When Bishop Baker visited Mother Elvira shortly before her death, he noted upon entering the house a mosaic on the floor that spells out the words “Dio Provvede” (God Provides).
‘Consumed with God’s Love’
Florida residents Sean and Elaine Corrigan, who met Mother Elvira in 2000, lived in her community for some time and served in its missions in Brazil.
The couple credits her for saving their marriage.
“She had an extraordinary impact on our lives and on our marriage,” Elaine Corrigan told the Register. “Mother Elvira was a person fully in love with her Savior. She knew, she accepted, and she believed completely in his merciful love, and her great desire was to share him with others.
“I wanted to run after her and soak up all that she had,” she continued. “When we met Mother Elvira, we knew we had encountered a woman completely consumed with the love of God. She knew in the core of her being that he could and would heal people. She shared this hope and mercy with everyone she met.”
Albino Aragno, who started with the Cenacolo more than 30 years ago and today is the director of Comunità Cenacolo America, said Mother Elvira taught him many valuable lessons.
“Mother Elvira always encouraged me.
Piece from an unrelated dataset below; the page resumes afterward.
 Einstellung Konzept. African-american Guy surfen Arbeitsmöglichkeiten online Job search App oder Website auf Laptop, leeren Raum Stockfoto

She reminded me that life is precious and that life needs to be lived fully … to never be afraid to do God’s will, and always trust in him,” he said.
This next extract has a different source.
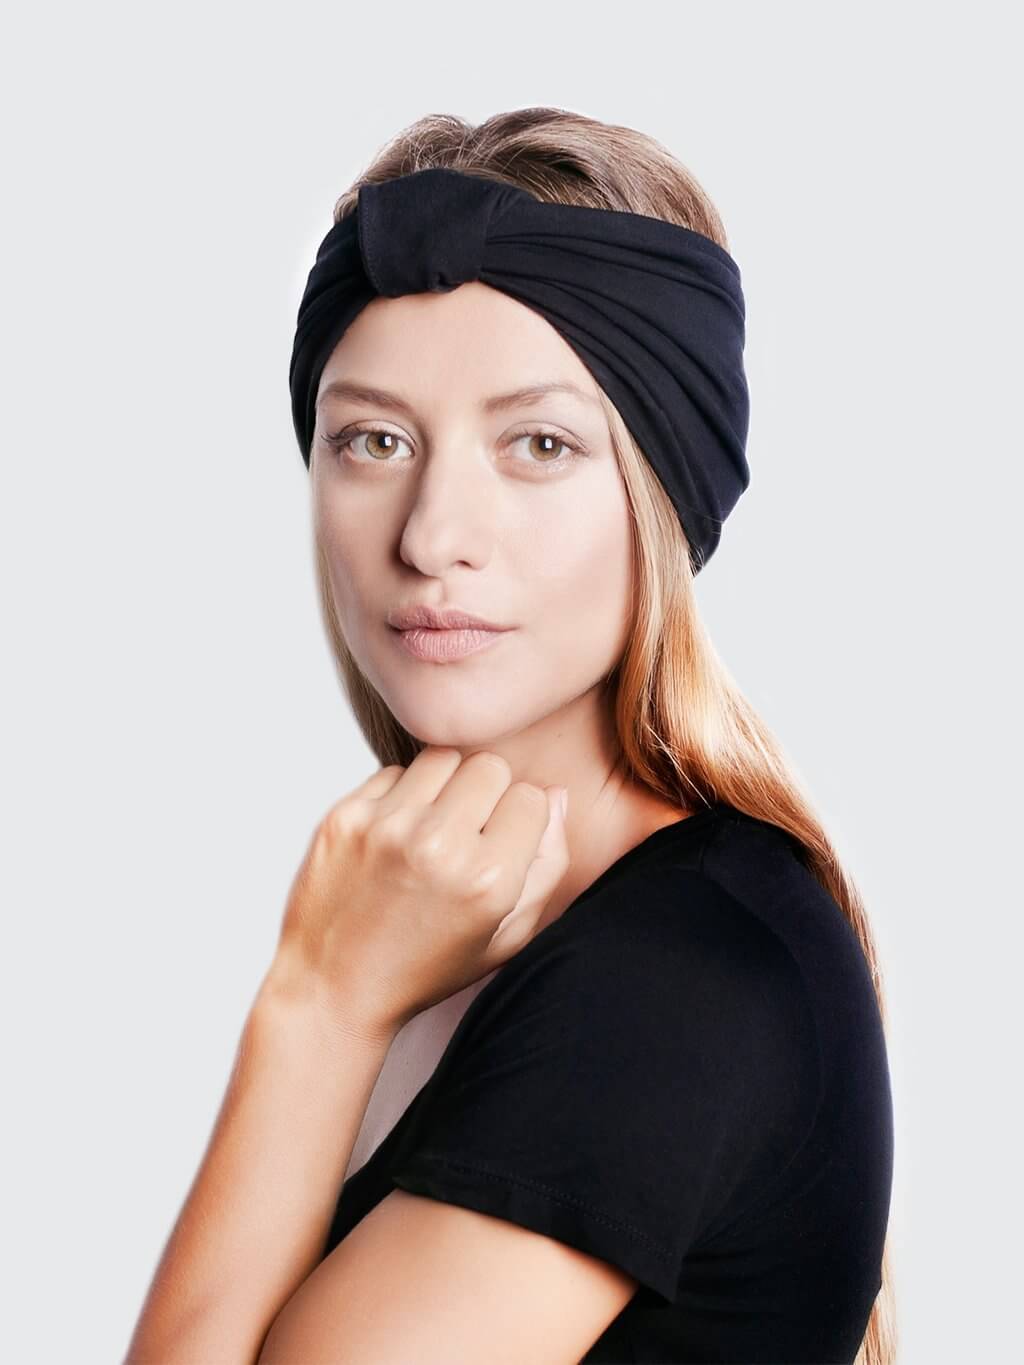 BLOM Original headband for women in Black. Multi style, wear 14+ ways

“Because of this, I can say that in all these years I can see that our community has kept on going even through so many difficulties, because good always prevails!”
Albino’s wife, Joyce, said Mother Elvira had a profound effect on her from the very beginning.
“Mother Elvira said, ‘Lord, let me know your will in the moment you want me to do it.’ This pierced my heart the first time I heard it and moved me to try to live every moment of my life in surrender and abandonment to his will, as Jesus reveals it at that moment,” she explained.
“It’s so radically opposed to control and trusting ‘in my own understanding,’ as the Psalmist says — my own intellect, perception, and analysis. Jesus calls me to live totally in the moment, not depending on myself.”
Pope Francis paid tribute to the Comunità Cenacolo on its 40th anniversary following his July 16 Angelus reflection.
“I send my heartfelt greeting to the Cenacolo Community, which has been a place of hospitality and human promotion for 40 years,” the pope said. “I bless Mother Elvira, the bishop of Saluzzo, and all the fraternity and friends. What you do is good, and it is good that you exist! Thank you!”
Bishop Baker said he observed during a recent Mass how “in periods of the Church there are great saints that get us through the eras in which we live.”
He pointed to St. Benedict in the fourth century, the Dominicans and Franciscans in the 13th century during the Albigensian heresy, and St. Ignatius and the Jesuits in the 16th century at the time of the Reformation.
“Mother Elvira,” he believes, is “on that list.”